Feng Zhang was already famous because of his work in developing
Optogenetics. By inserting a gene into a neuron cell, they could activate specific neuron cells simply by shining light into the position. With that ability, a scientists would be able to control the actions of a monkey purely with the switch of the light. In turn, Feng help launch an entire field of neuroscience and until 2012, was probably the breakthrough of the decade. Already at a young career, Feng was in a good spot to share a several awards with Karl Deisseroth and Edward Boyden for that body of work.
However, the huge challenge with the system was readily producing neurons with the integrated gene. As a postdoc with George Church, Feng was exploring methods on using the TALE system to rapidly and easily target DNA sequences in mammalian genomes. With the early realizations of the Cas9 endonuclease system, it was just a matter of time before a way to make it work in humans was possible. Coming from George Church's group, a group that was already well positioned to manipulate genes, Zhang was able to quickly commercialize the technique.
In January 2013, 4 sets of papers were published:
Which is where things get really complicated. Due to their experience with IP and tech transfer, Zhang was able to get the earliest and broadest patent on the CRISPR/Cas9 technology and has been able to develop the streamlined system and software that most users of the CRISPR/Cas9 technology generally use. Doudna has her own set of patents but her claims have been hampered by the existence of Zhang's patents.
Not to be outdone by each other, each group have also elucidated the crystal structures:
- Jinek and Doudna: 6Feb14 2.6 and 2.2 angstrom structures [16]
- Nureki and Zhang 13Feb14 2.5 angstrom structures [17]
- Anders and Jinek: 27July14 2.6 angstrom structures. [18]
I would strongly suggest looking at this article from Quanta Magazine which seems to have done the most research on the topic.

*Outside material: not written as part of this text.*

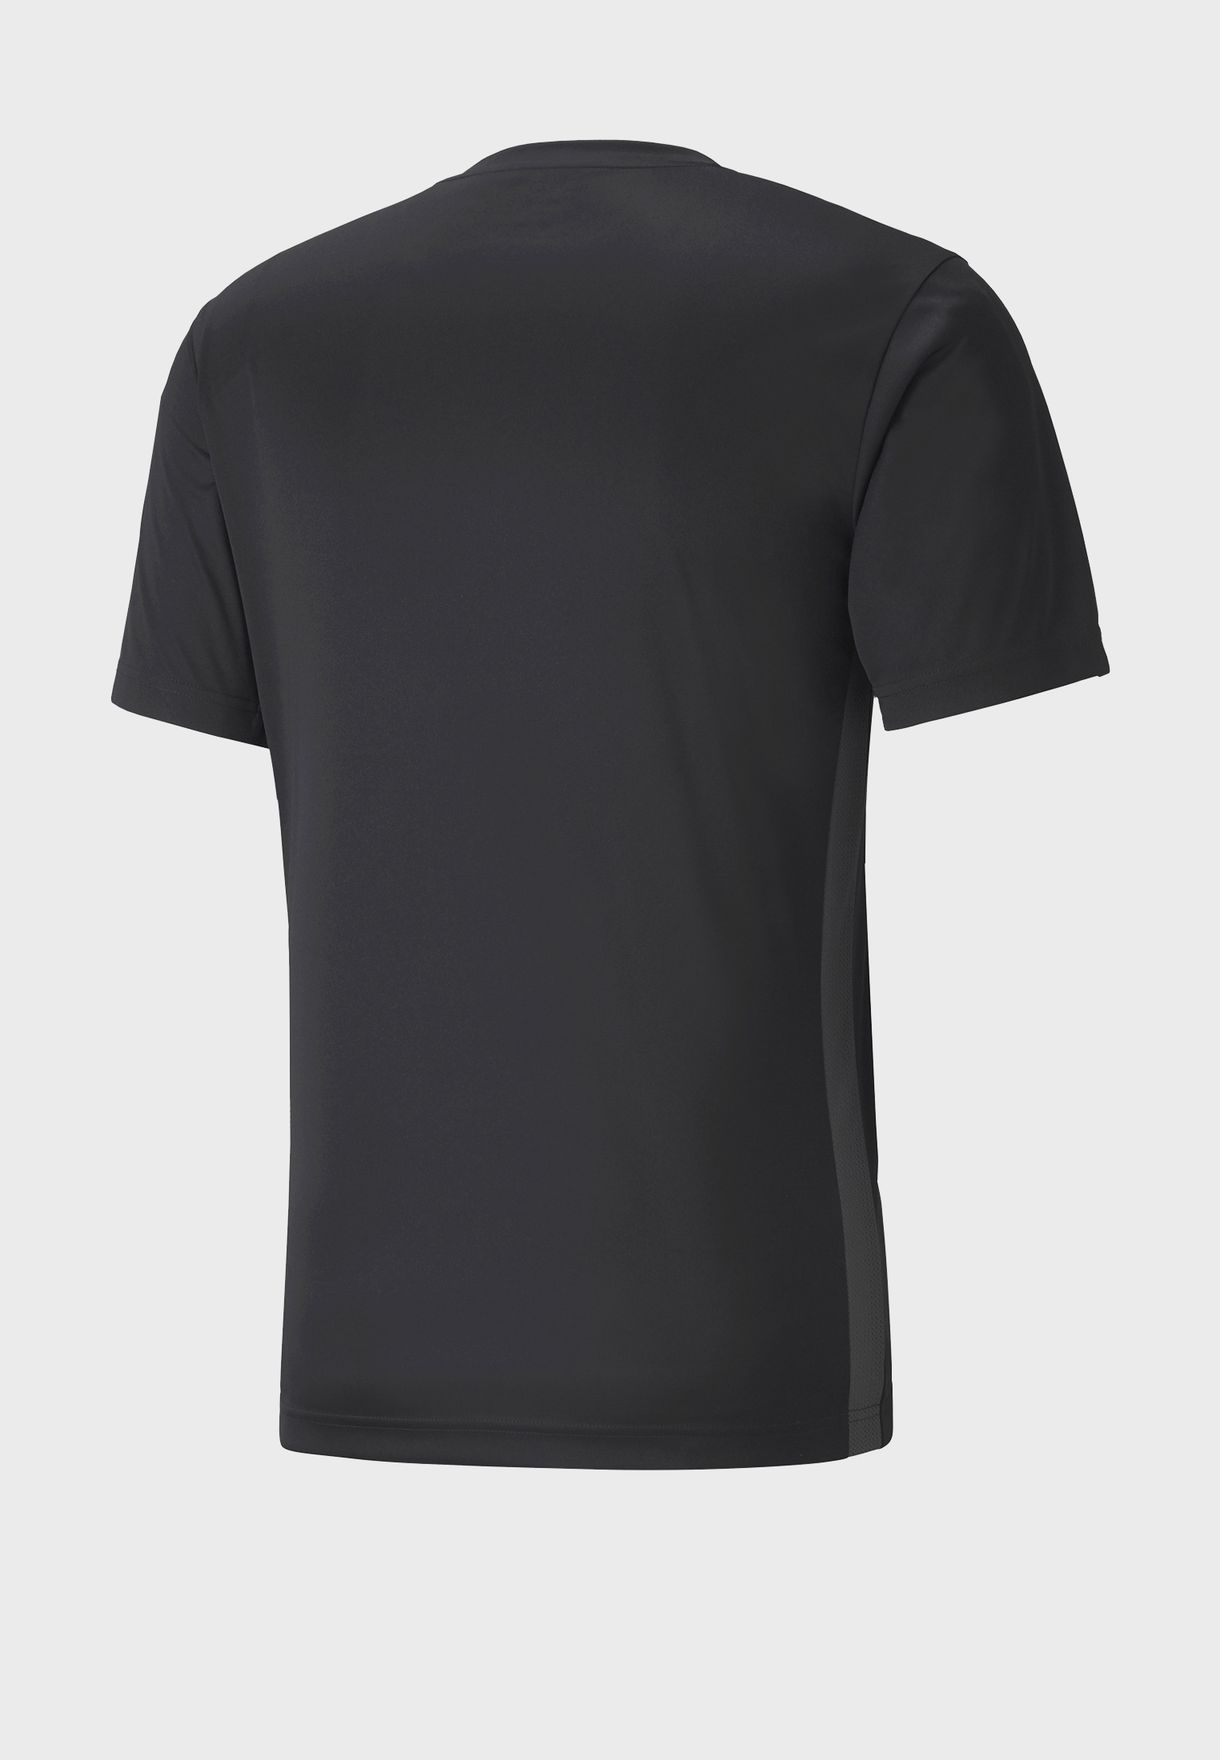 ftblPLAY Graphic T-Shirt

Breakthrough DNA Editor Borne of Bacteria | Quanta Magazine. HHMI's article from 2011 is also a good read
When Worlds Collide.
In conclusion
CRISPR is a brand new field of biology that has multiple key discoverers.

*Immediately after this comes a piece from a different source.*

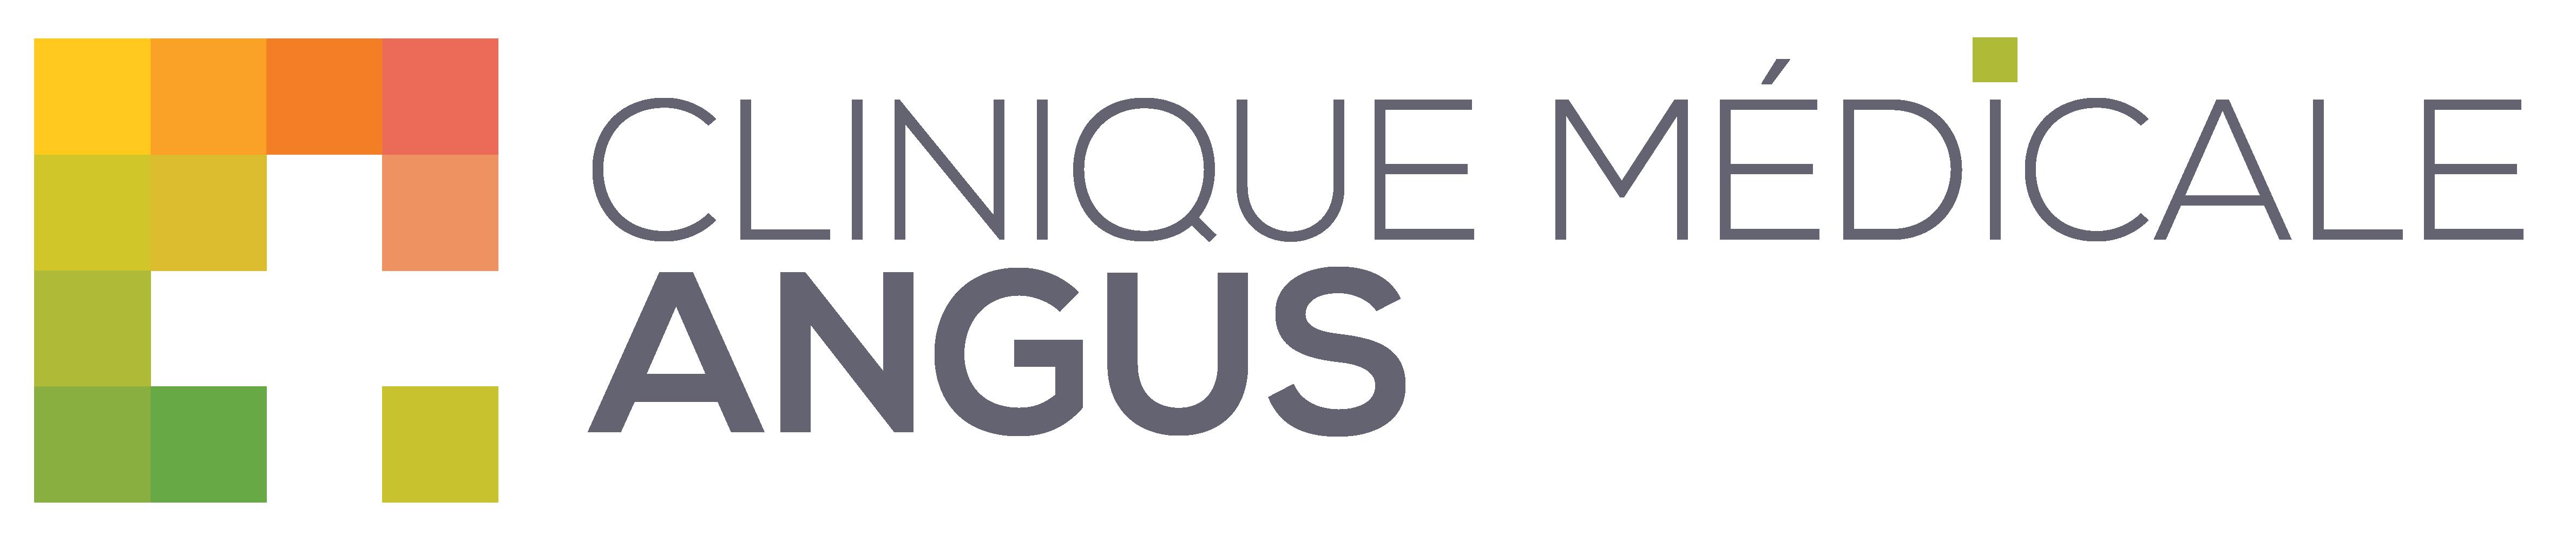 Fusium solutions, une division de Tootelo Innovation

- Yoshizumi Ishino is credited for originally finding the CRISPR gene.
- Ruud Jansen is the one who came up with the name.
- Eugene Koonin is the one who proposed the purpose.
- Rodolphe Barrangou is the one who proved the role of CRISPR.
- Emmanuelle Charpentier is credited with identifying the importance of Cas9 and the tracrRNA.
- Jennifer Doudna is credited with doing the biochemistry to determine the mechanism and to create the CRISPR/Cas9 system.
- Feng Zhang is credited with the humanization and commercialization of the technique.